An example of a feedforward neural network with an input layer, two hidden layers, and one output layer with one target variable. Adapted from (Ketkar and Moolayil 2021)

The layered representation of neurons can represent complex relationships between input and output data and extract complex patterns. Indeed, neural networks can model non-linear-statistical data and handle high-dimensional and multivariate data. However, they require more data than other machine learning models, and the best performance requires extensive customization as neural networks depend on several hyper-parameters. Also, neural networks do not provide any information about how the outputs are computed, a problem commonly referred to as the black box in machine learning (Ian et al. 2016).
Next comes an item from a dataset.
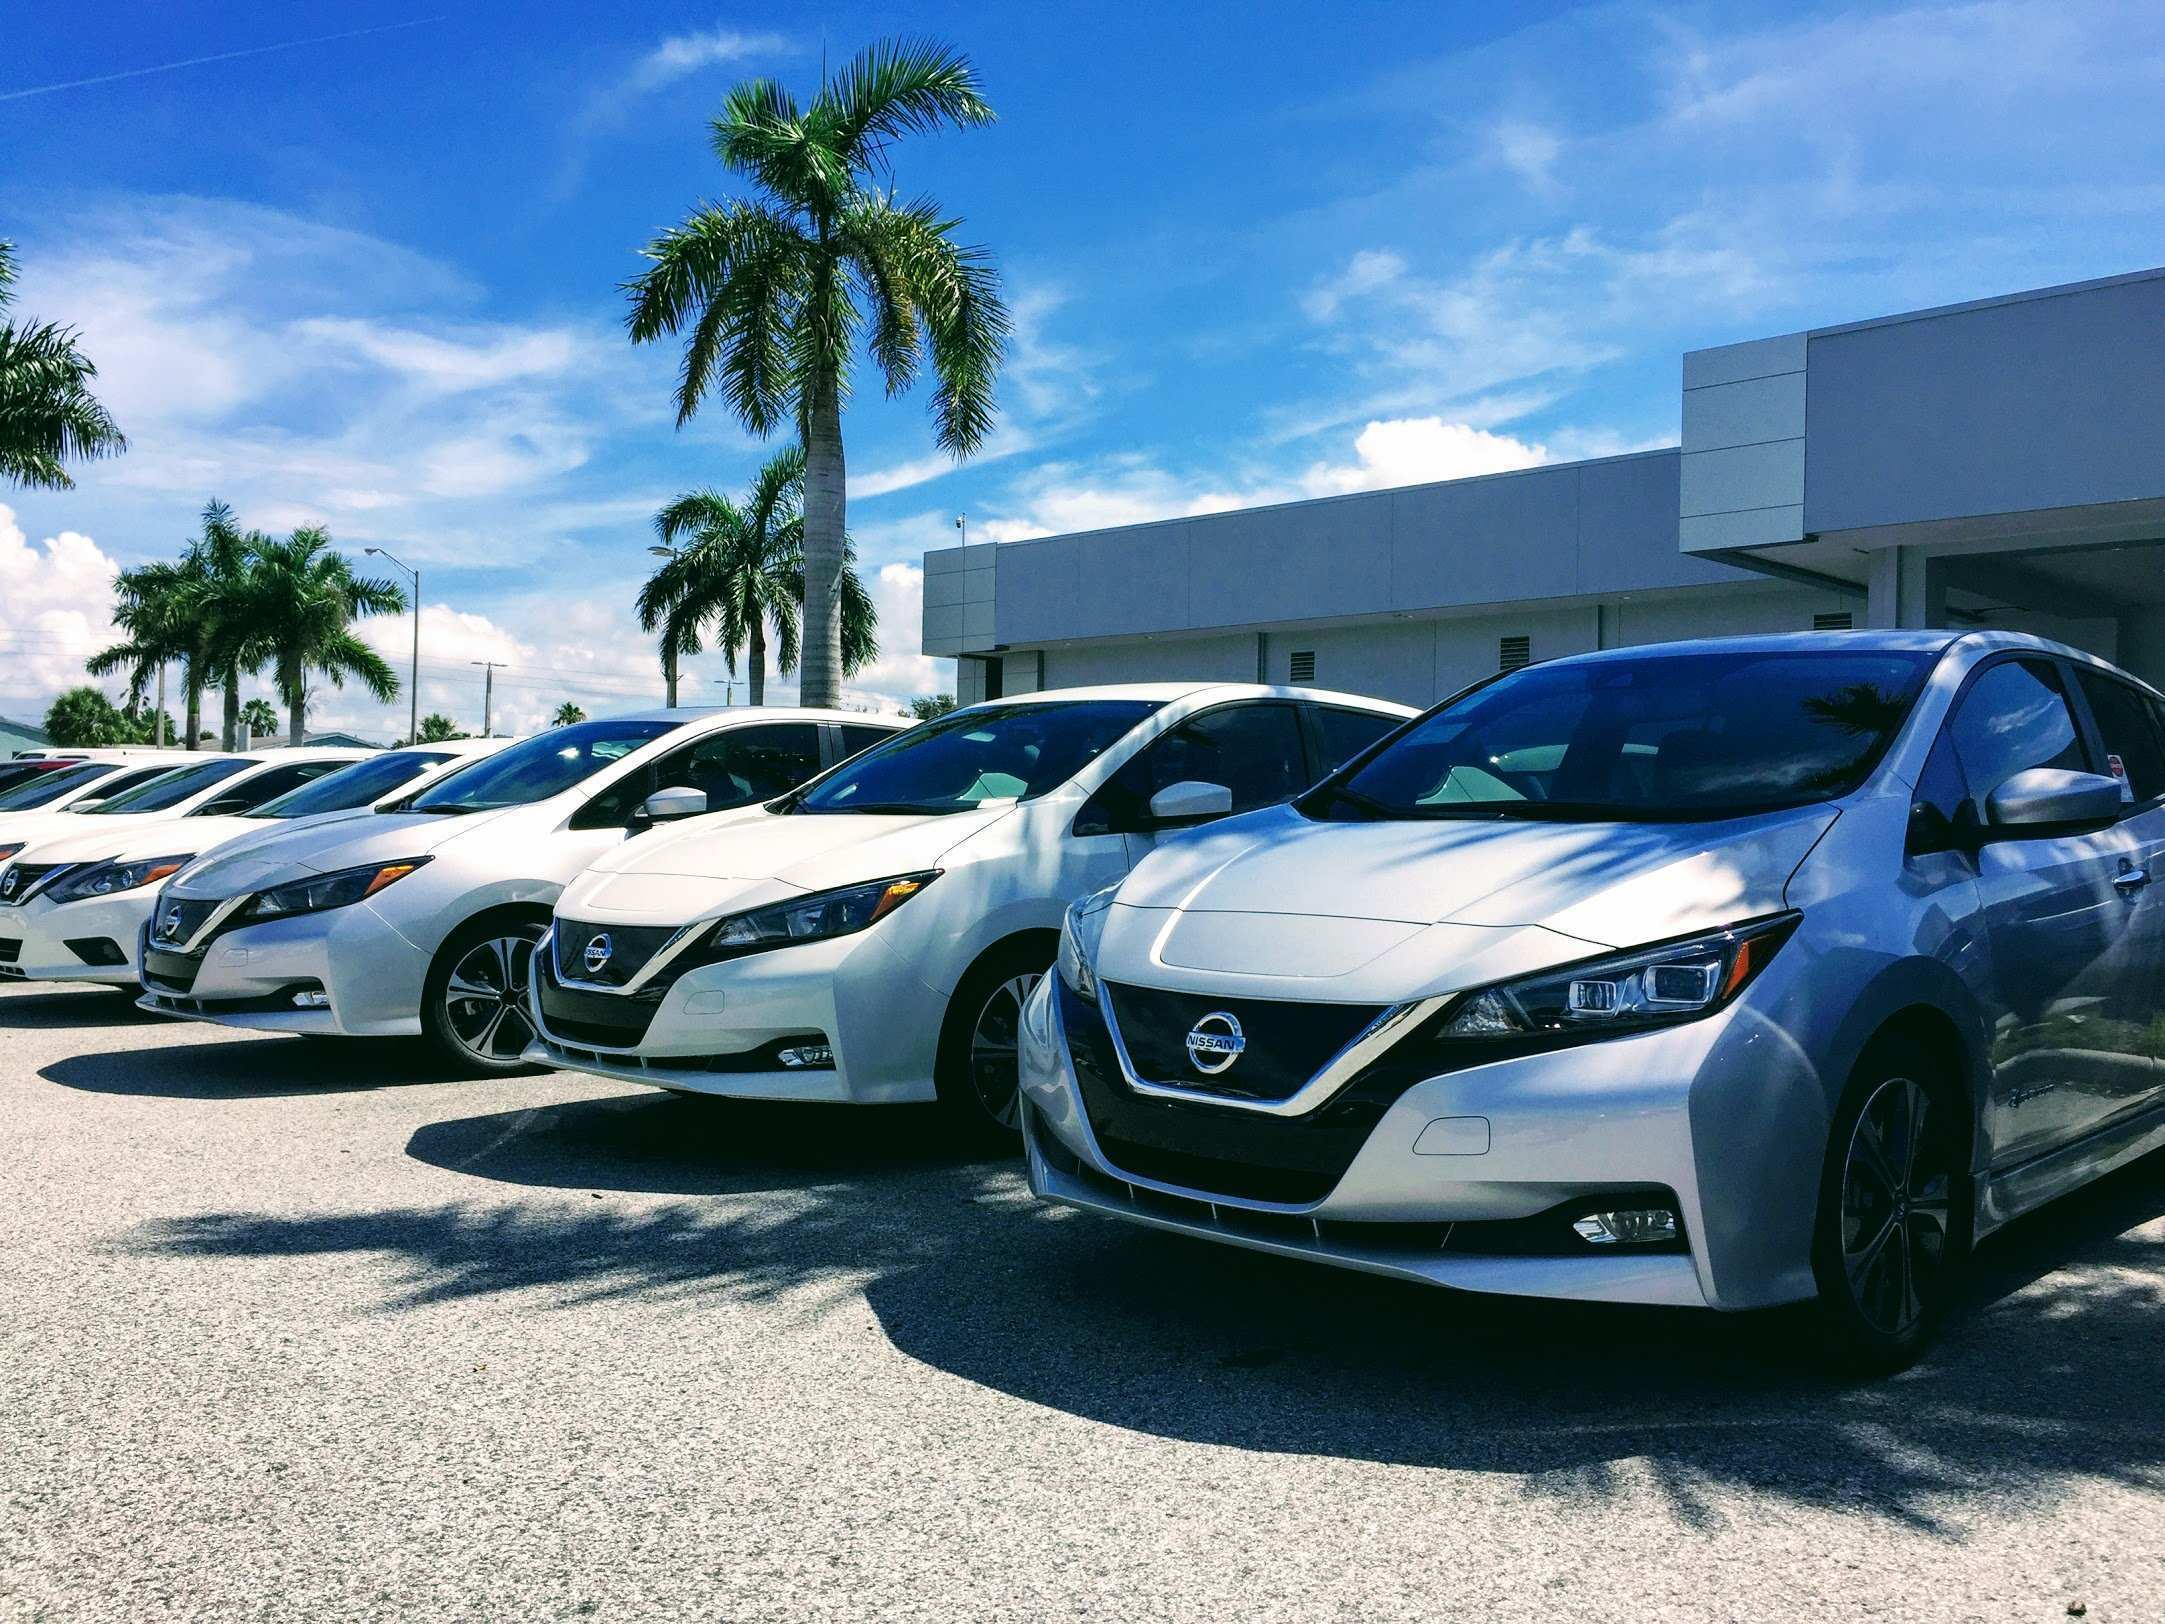 49 Gallery of 2019 Nissan Leaf Photos for 2019 Nissan Leaf

Although neural networks are well suited for a large variety of problems, such as image recognition and text recognition, they suffer from a major issue known as the vanishing gradient problem, which prevents learning long-term dependencies (Rehmer and Kroll 2020). This makes it difficult to train standard neural networks on long data series (Kinyua and Jouandeau 2021). The vanishing gradient problem can be addressed by including gated units, such as the Long Short-Term Memory and the Gated Recurrent Unit (Rehmer and Kroll 2020).

3.2.2 Random forests

The random forest algorithm has become a widely used machine learning algorithm because of its simplicity and accuracy (Biau and Scornet 2016) and its ability to perform both supervised and unsupervised learning, as well as classification and regression problems (Genuer and Poggi 2020). This algorithm is a statistical learning method proposed by (Breiman 2001), based on the principles of ensemble learning. In machine learning, ensemble learning refers to the techniques of combining the predictions of a group of trained models (an ensemble). The idea is that by aggregating the outcomes of several models, the prediction of the ensemble is more likely to perform better than any individual model in the ensemble. For the random forest, the algorithm is trained on different and independent training subsets (bootstraps) to obtain several models, referred to as trees. Figure 2 illustrates a general structure of the random forest.

Fig. 2
figure 2

Flowchart of training a random forest tree and aggregation of results. Adapted from (Genuer and Poggi 2020)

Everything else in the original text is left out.